**INFORMATION PROVIDED:**
==*==

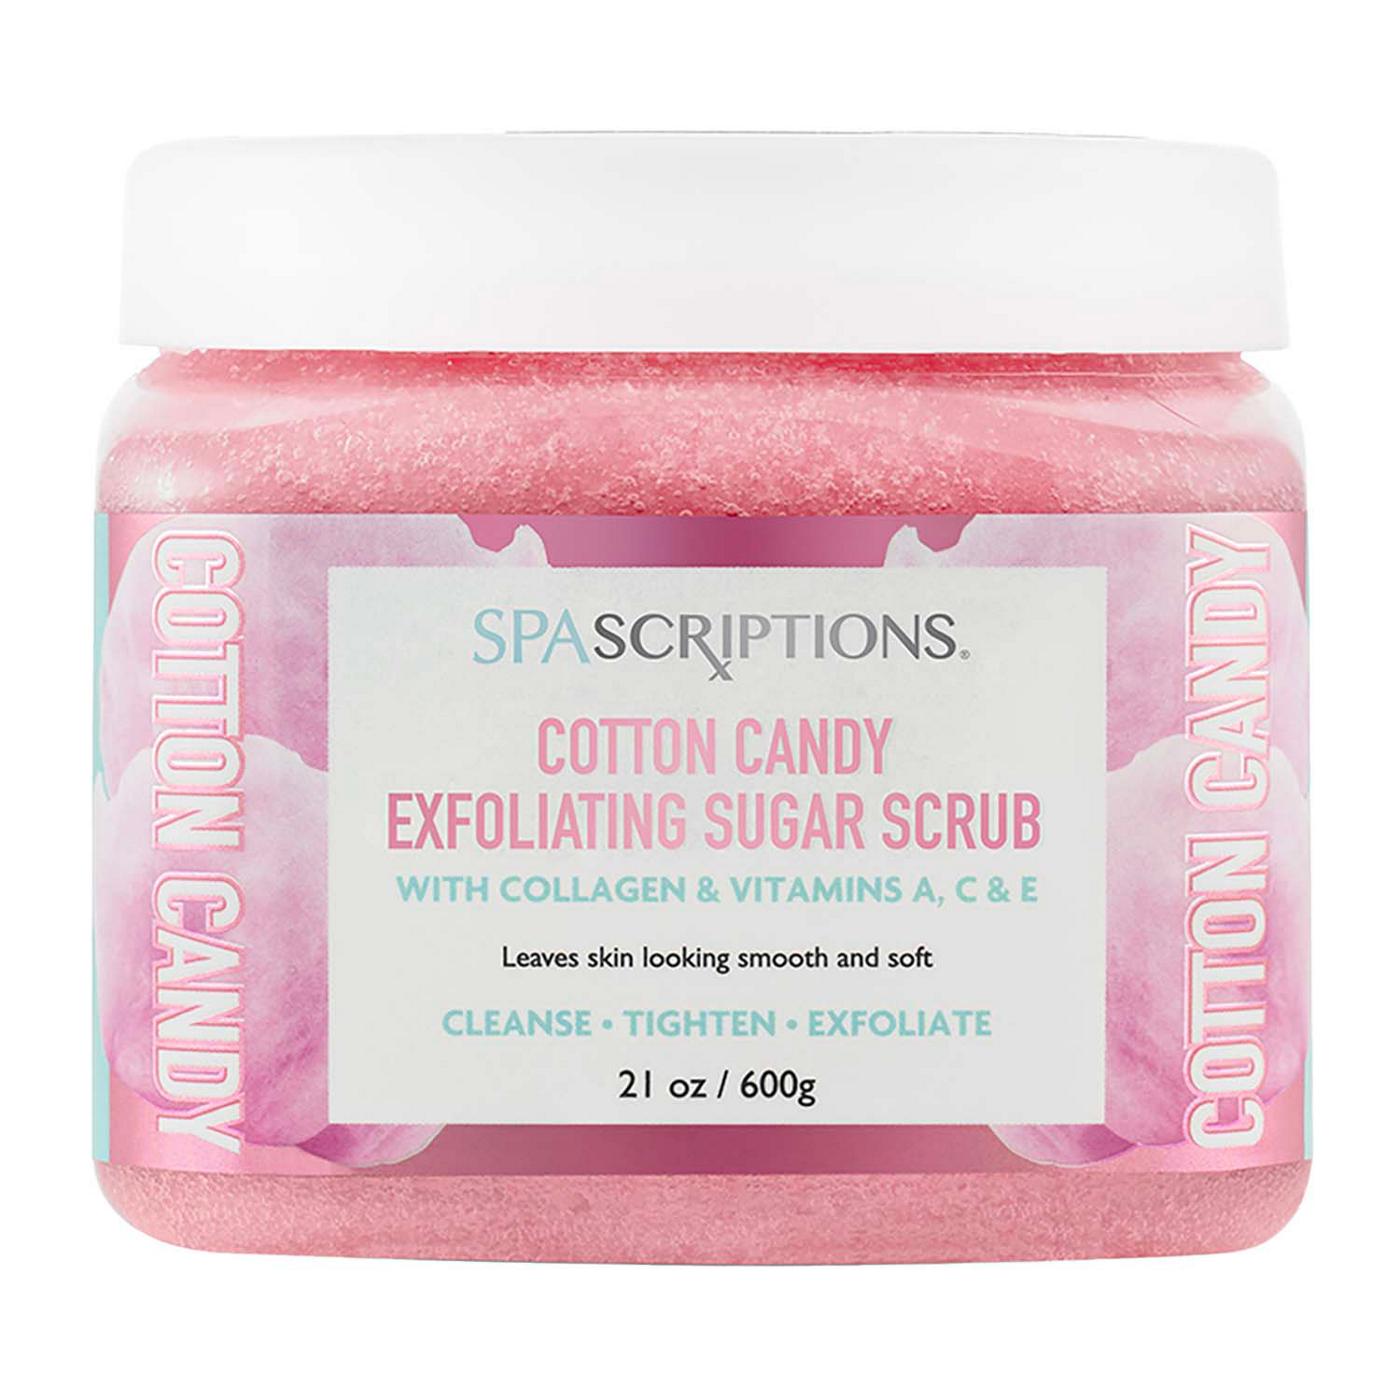 SpaScriptions Exfoliating Sugar Scrub - Cotton Candy; image 1 of 6
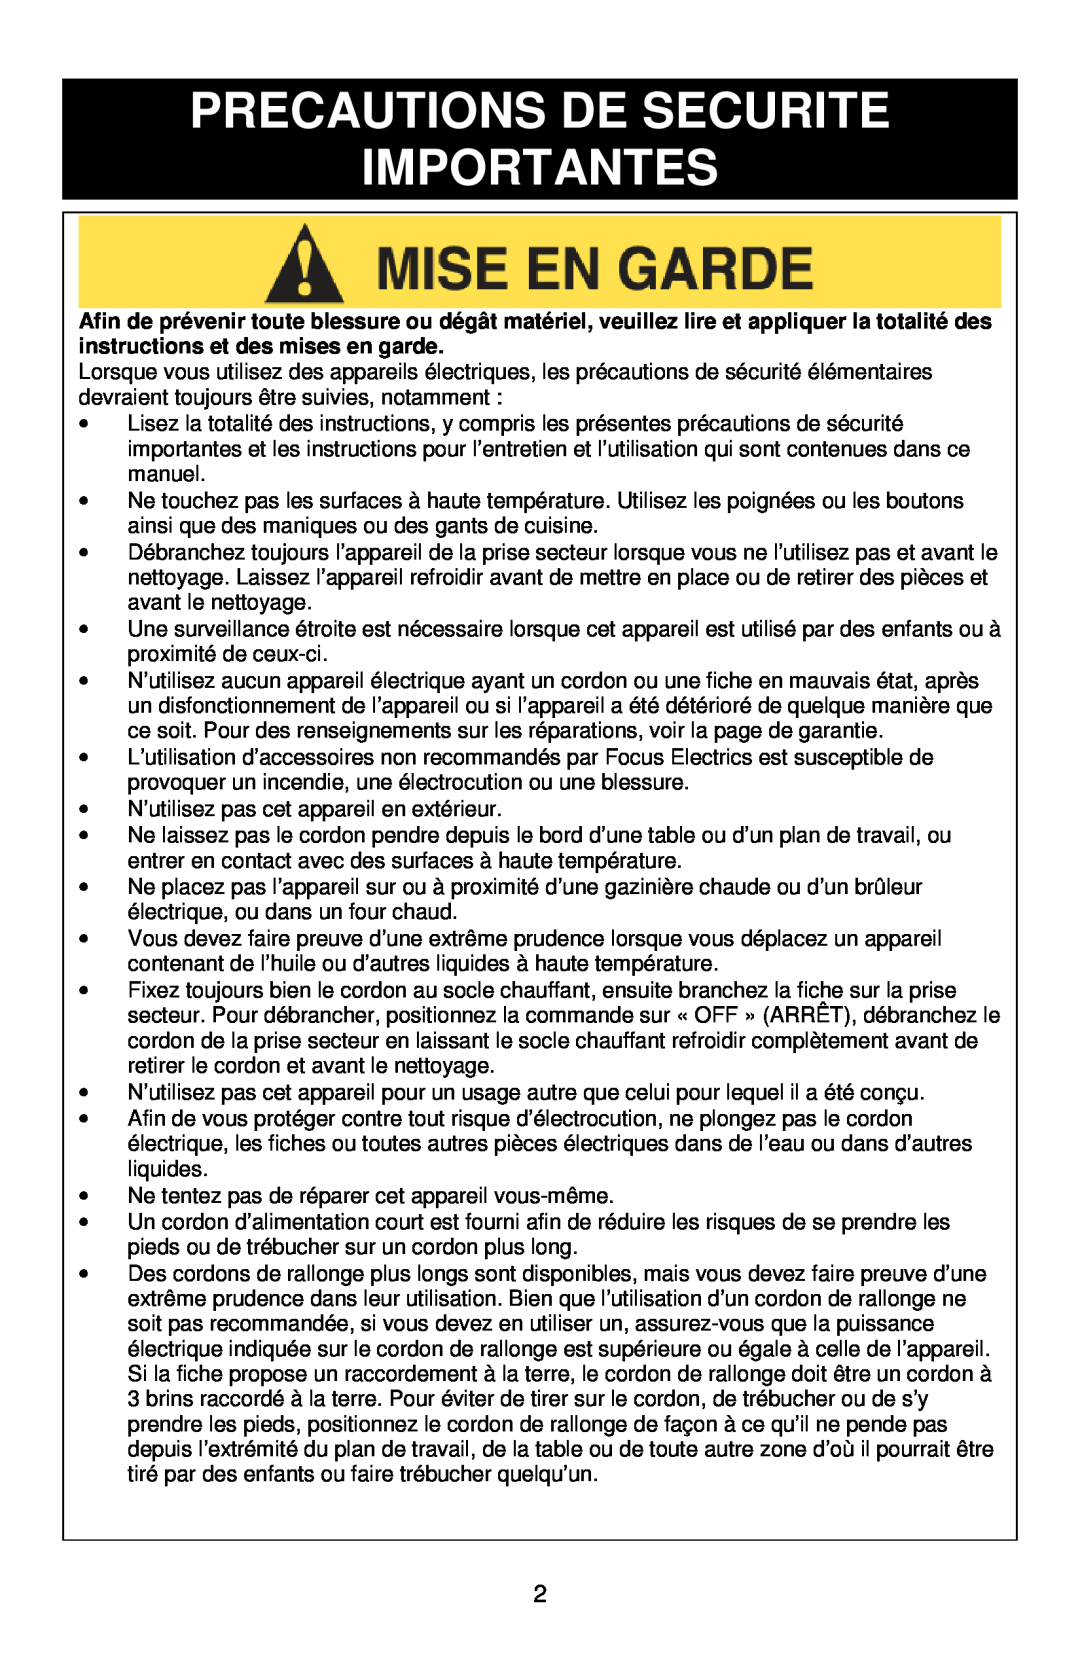 West Bend 84915 instruction manual Precautions De Securite Importantes 
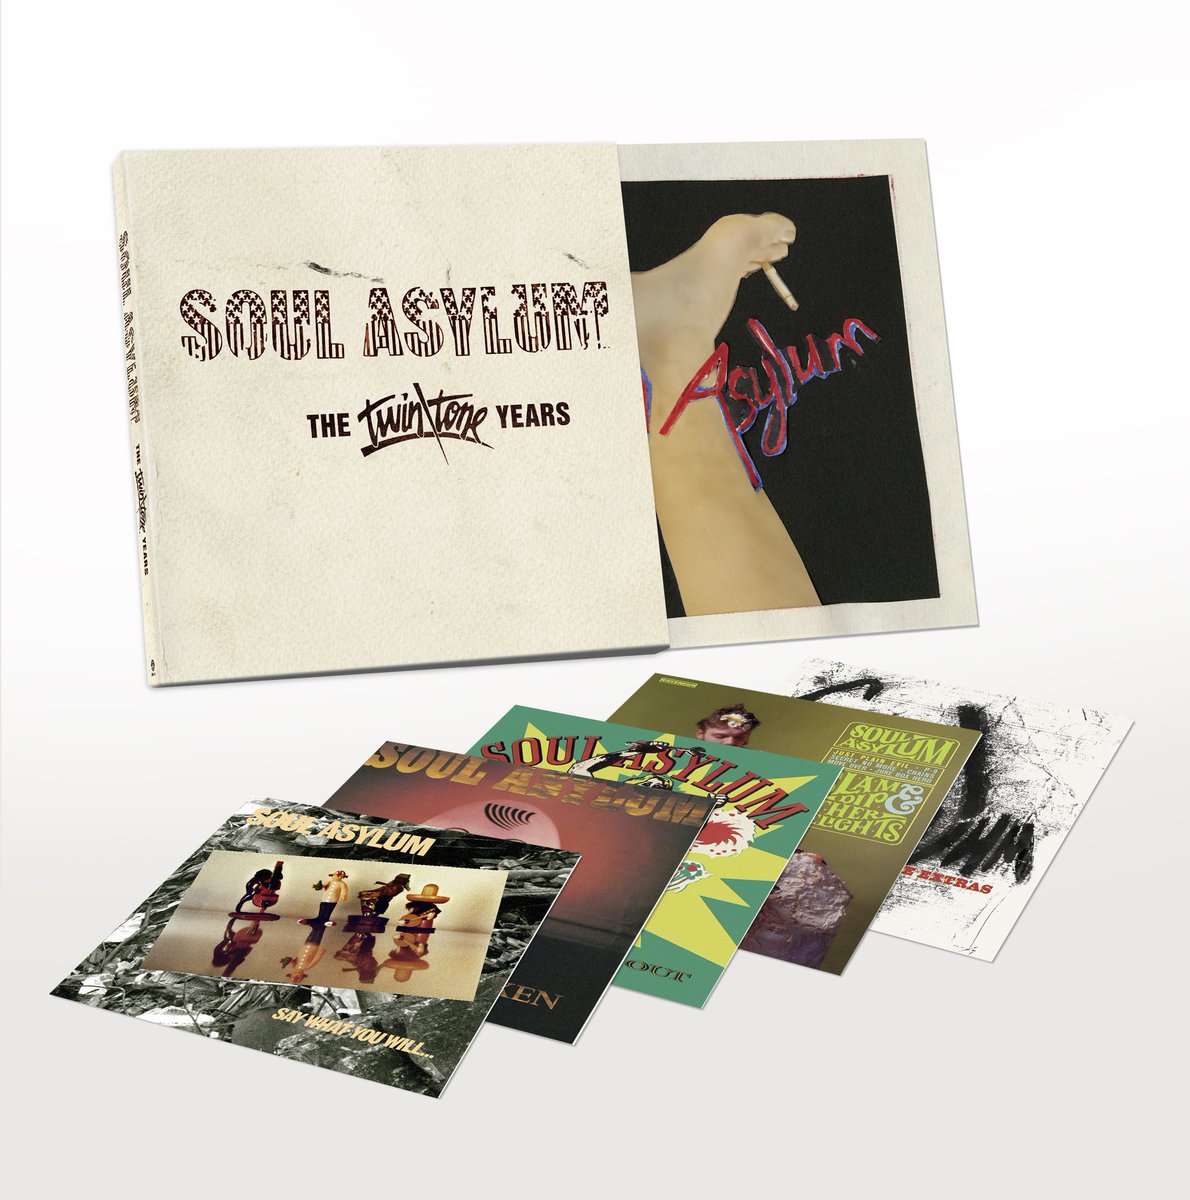 Soul Asylum - The Twin Tone Years (boxset)
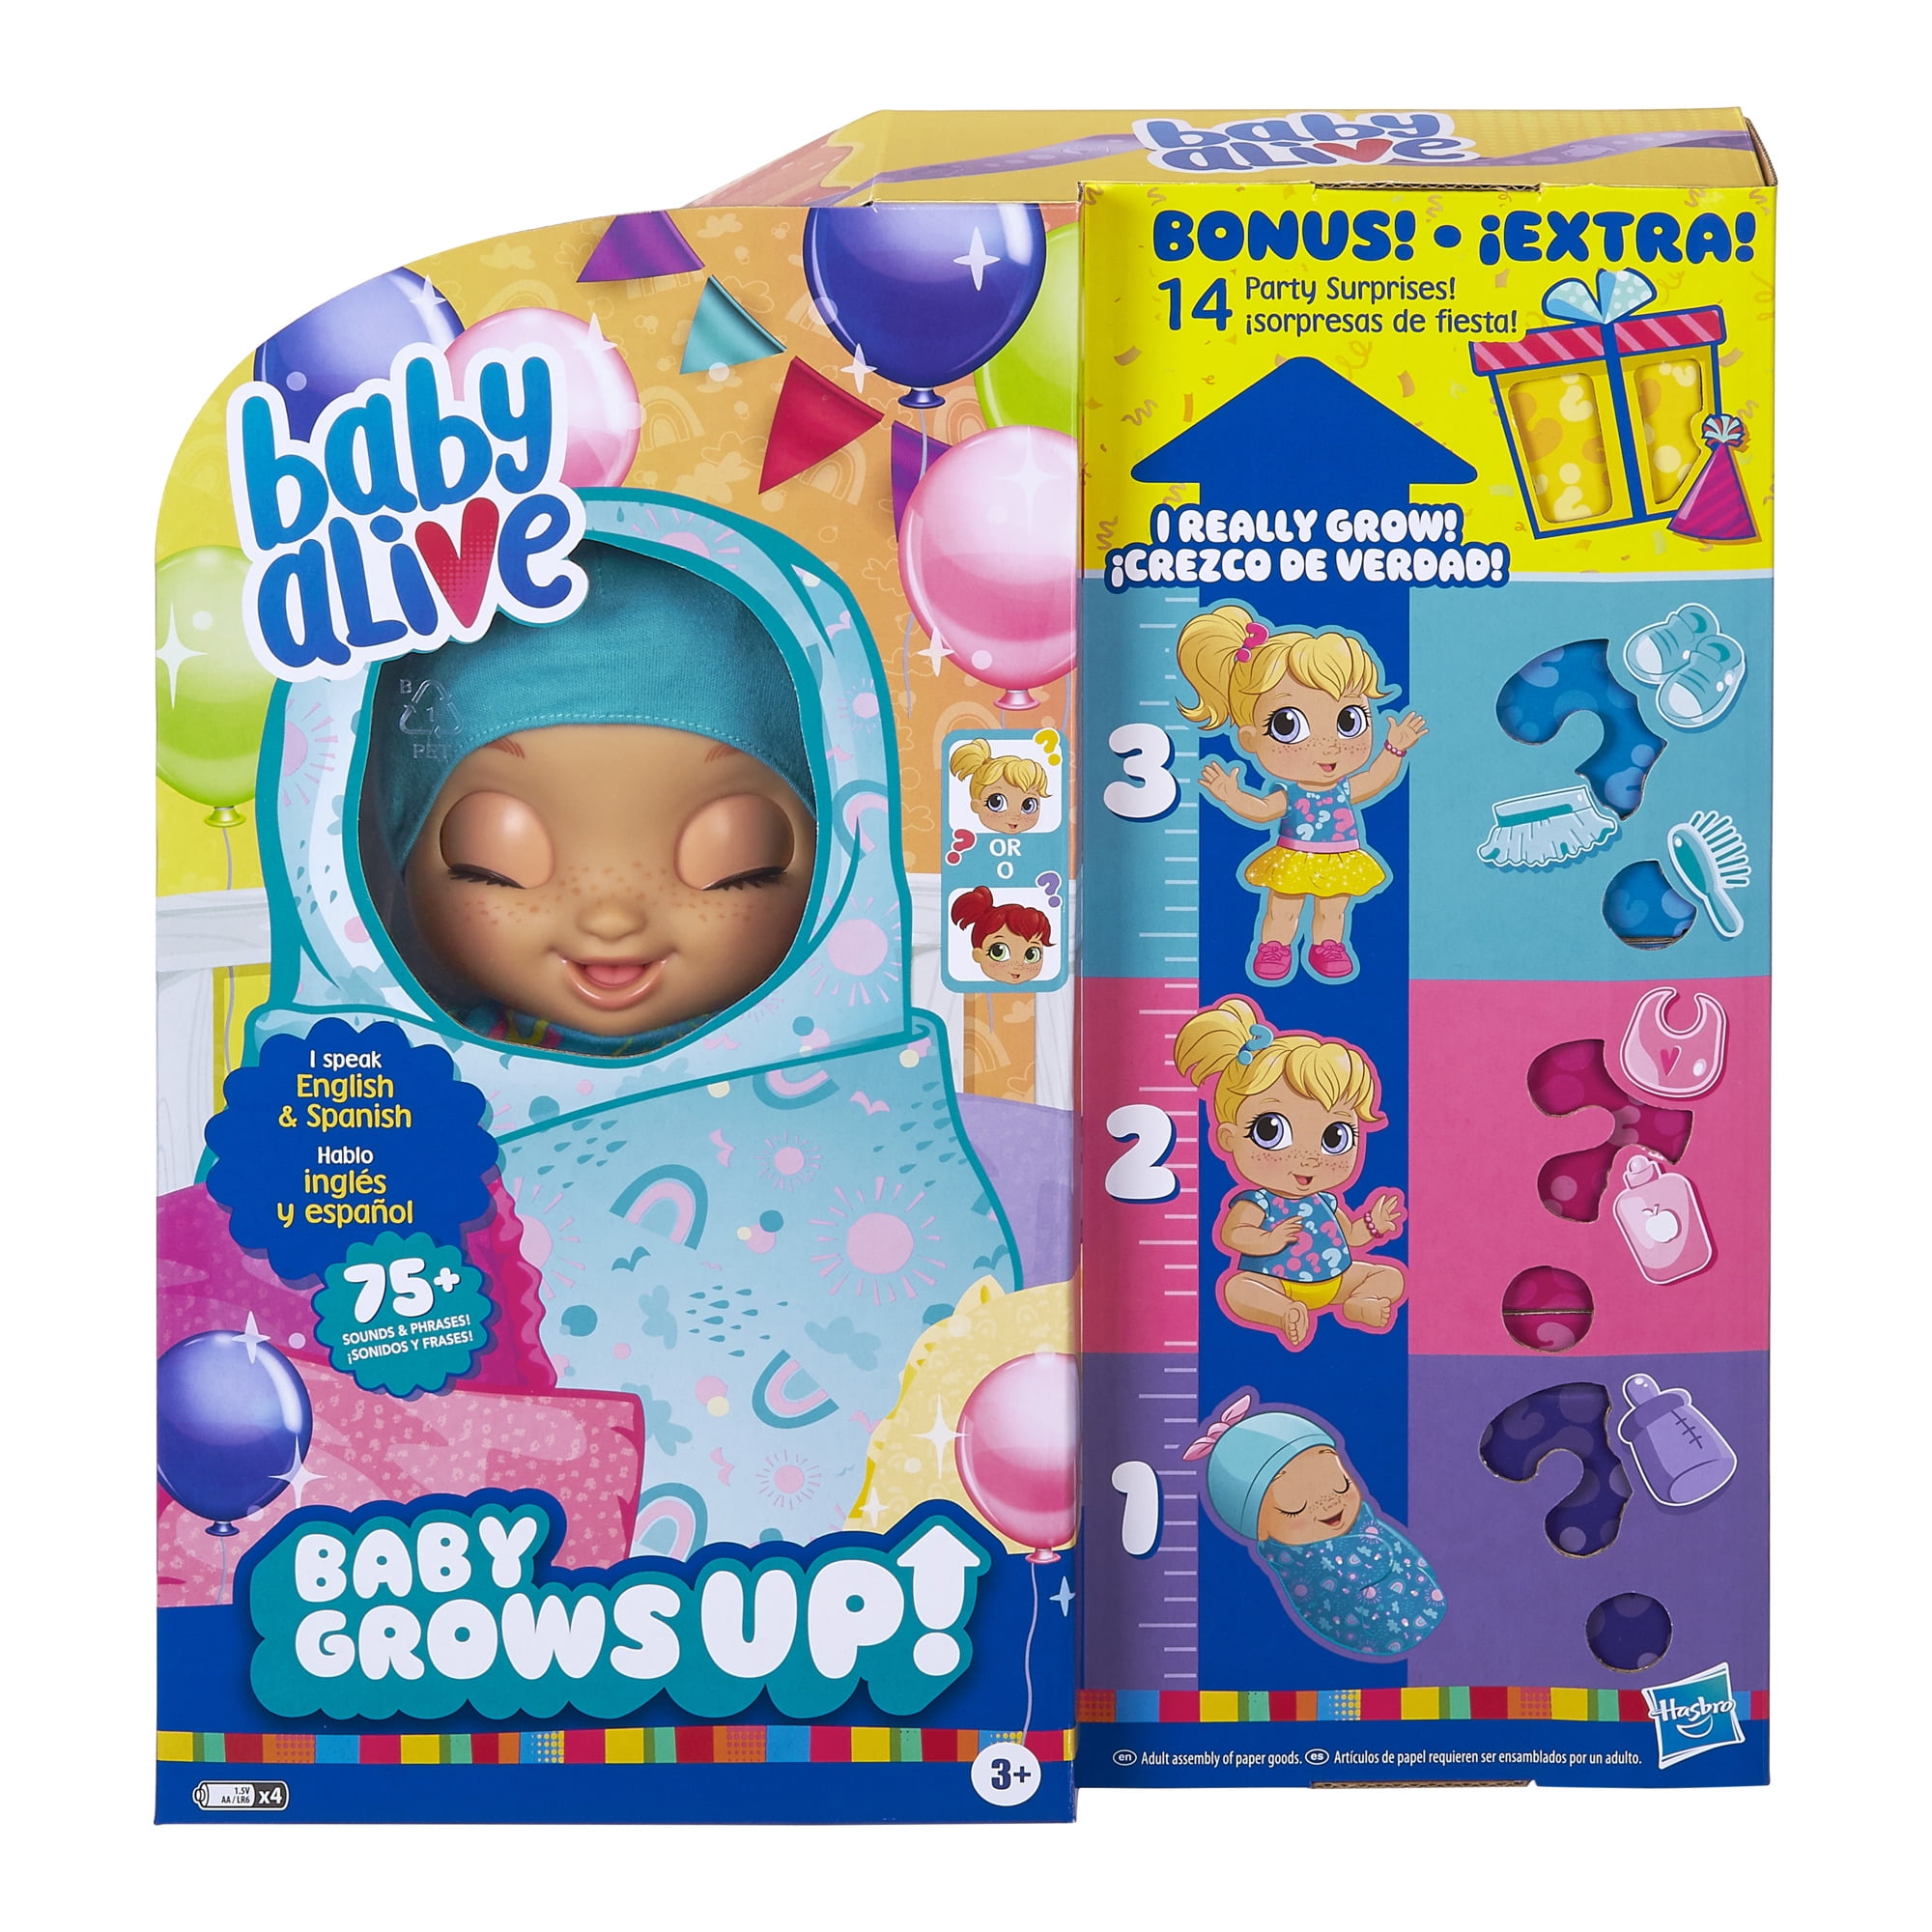 Only At Walmart: Baby Alive Baby Grows Up Bonus Pack, 14 BONUS Party Surprises

==*==

**WHAT NEEDS TO BE DONE:** Return all of the material exactly, without pictures.

**ANSWER BELOW:**
 SpaScriptions Exfoliating Sugar Scrub - Cotton Candy; image 1 of 6
 West Bend 84915 instruction manual Precautions De Securite Importantes 
 Soul Asylum - The Twin Tone Years (boxset)
 Only At Walmart: Baby Alive Baby Grows Up Bonus Pack, 14 BONUS Party Surprises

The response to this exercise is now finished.